And then? can you talk more? how does it explain why growing the range of the numbering for the priority order is a Fedora matter?

You understand Fedora's priority thing is based on that right?
Comment 107 Qianqian Fang 2010-02-02 22:17:56 UTC
bugzilla-daemon@freedesktop.org wrote:
>> then I guess you want to look at this
>> http://cgit.freedesktop.org/fontconfig/tree/conf.d/README
>>     
>
> And then? can you talk more? how does it explain why growing the range of the
> numbering for the priority order is a Fedora matter?
>
> You understand Fedora's priority thing is based on that right?
>   

I should have completed my sentence. What I wanted you to do
is to compare
http://cgit.freedesktop.org/fontconfig/tree/conf.d/README
 with
http://git.fedorahosted.org/git/fontpackages.git?p=fontpackages.git;a=blob;f=fontconfig-templates/fontconfig-priorities.txt

the first one is what suggested in fontconfig, and the second
one is what suggested in Fedora. see the difference?

the limitation that non-latin shall not go below 65 is
only a Fedora limitation. As long as you match lang tag as
the enclosing block in your config file, I don't think it
matters which number you choose for Latin or non-latin
fonts if 50<n<65.

<rant start>
Following rules is fine, but do not turn it into dogmatism.
Rules are meant to help, not meant to hinder.
</rant end>
Comment 108 Qianqian Fang 2010-02-02 22:58:09 UTC
bugzilla-daemon@freedesktop.org wrote:
> And then? can you talk more? how does it explain why growing the range of the
> numbering for the priority order is a Fedora matter?
>
> You understand Fedora's priority thing is based on that right?
>   
FIY, a bug was submitted to Fedora to clarify on the
prefix number range for non-latin config files:

https://bugzilla.redhat.com/show_bug.cgi?id=561246
Comment 109 Akira TAGOH 2010-02-07 23:17:01 UTC
I won't add any comments later. I'm not interested in the improvements of 65-nonlatin.conf anymore and now we have a solution to avoid the bad effects of it. but to correct the misunderstanding of:

(In reply to comment #107)
> bugzilla-daemon@freedesktop.org wrote:
> >> then I guess you want to look at this
> >> http://cgit.freedesktop.org/fontconfig/tree/conf.d/README
> >>     
> >
> > And then? can you talk more? how does it explain why growing the range of the
> > numbering for the priority order is a Fedora matter?
> >
> > You understand Fedora's priority thing is based on that right?
> >   
> 
> I should have completed my sentence.

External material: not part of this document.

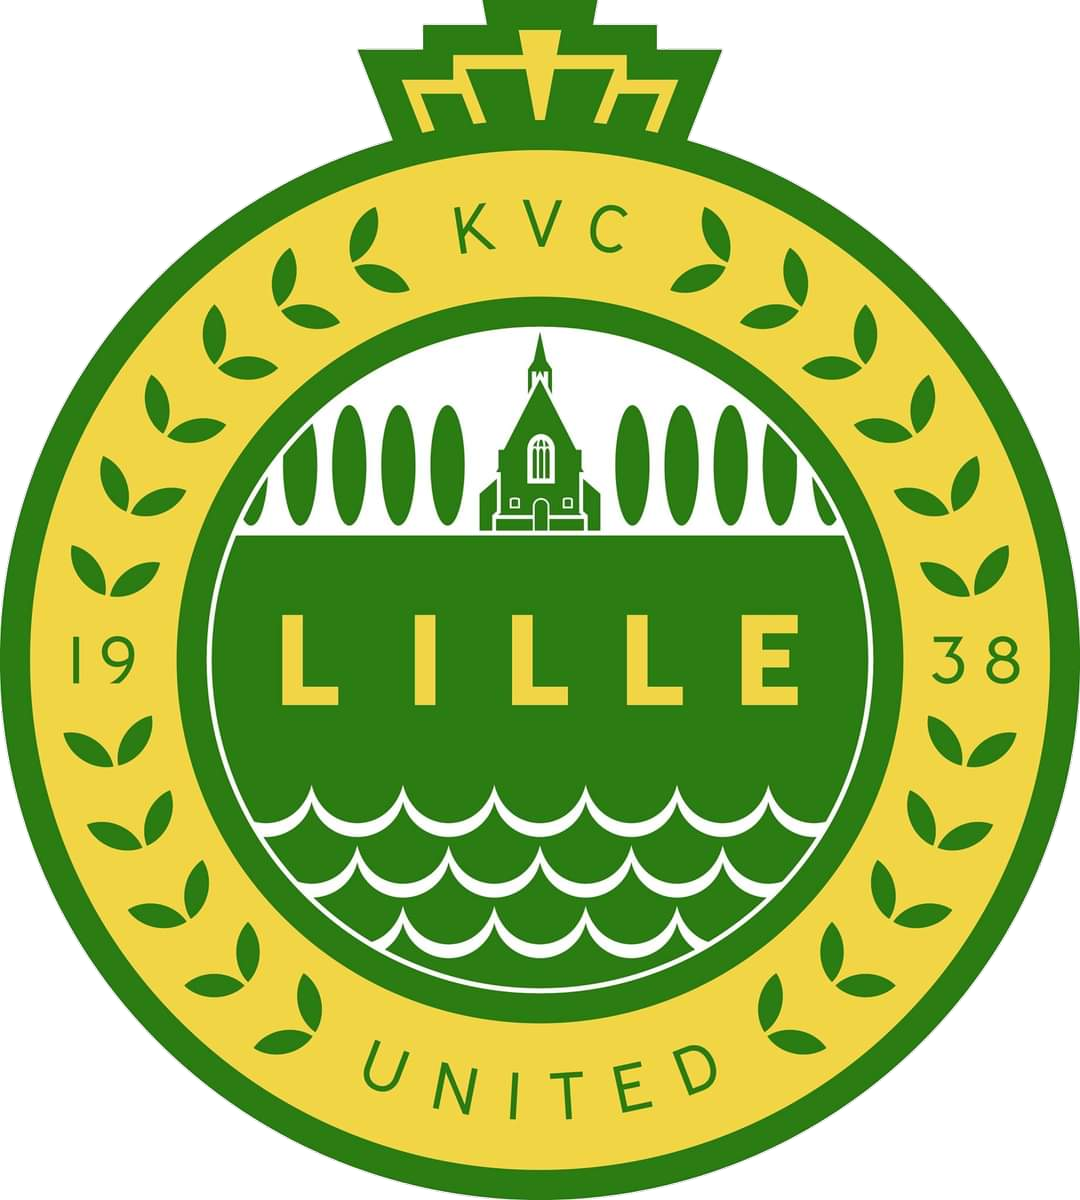 Wappen KVC Lille United diverse

What I wanted you to do
> is to compare
> http://cgit.freedesktop.org/fontconfig/tree/conf.d/README
>  with
> http://git.fedorahosted.org/git/fontpackages.git?p=fontpackages.git;a=blob;f=fontconfig-templates/fontconfig-priorities.txt
> 
> the first one is what suggested in fontconfig, and the second
> one is what suggested in Fedora. see the difference?
> 
> the limitation that non-latin shall not go below 65 is
> only a Fedora limitation. As long as you match lang tag as
> the enclosing block in your config file, I don't think it
> matters which number you choose for Latin or non-latin
> fonts if 50<n<65.

That looks like you are talking about different point. indeed I said 65-nonlatin.conf badly affects to the separate-config idea though, my proposal posted at Comment #101 isn't for Fedora. otherwise I won't submit it here. the documented structure of the priority numbering is a good idea and inheriting this idea in Fedora is also good IMHO, but the assignment in Fedora was bad you are misunderstanding the point. since this kind of the configuration is completely preference and should be capable to customize it in various area such as at the user-side and at the distro-side, the scope of the customization should be defined in upstream. having more improvements than current policy in Fedora may works after that, but it may introduces the inconsistencies and another side-effects. that's not a solution but still a hack.
that's why I want to see the reserved area for distro and so on in upstream definition of the priority numbering, but anyway.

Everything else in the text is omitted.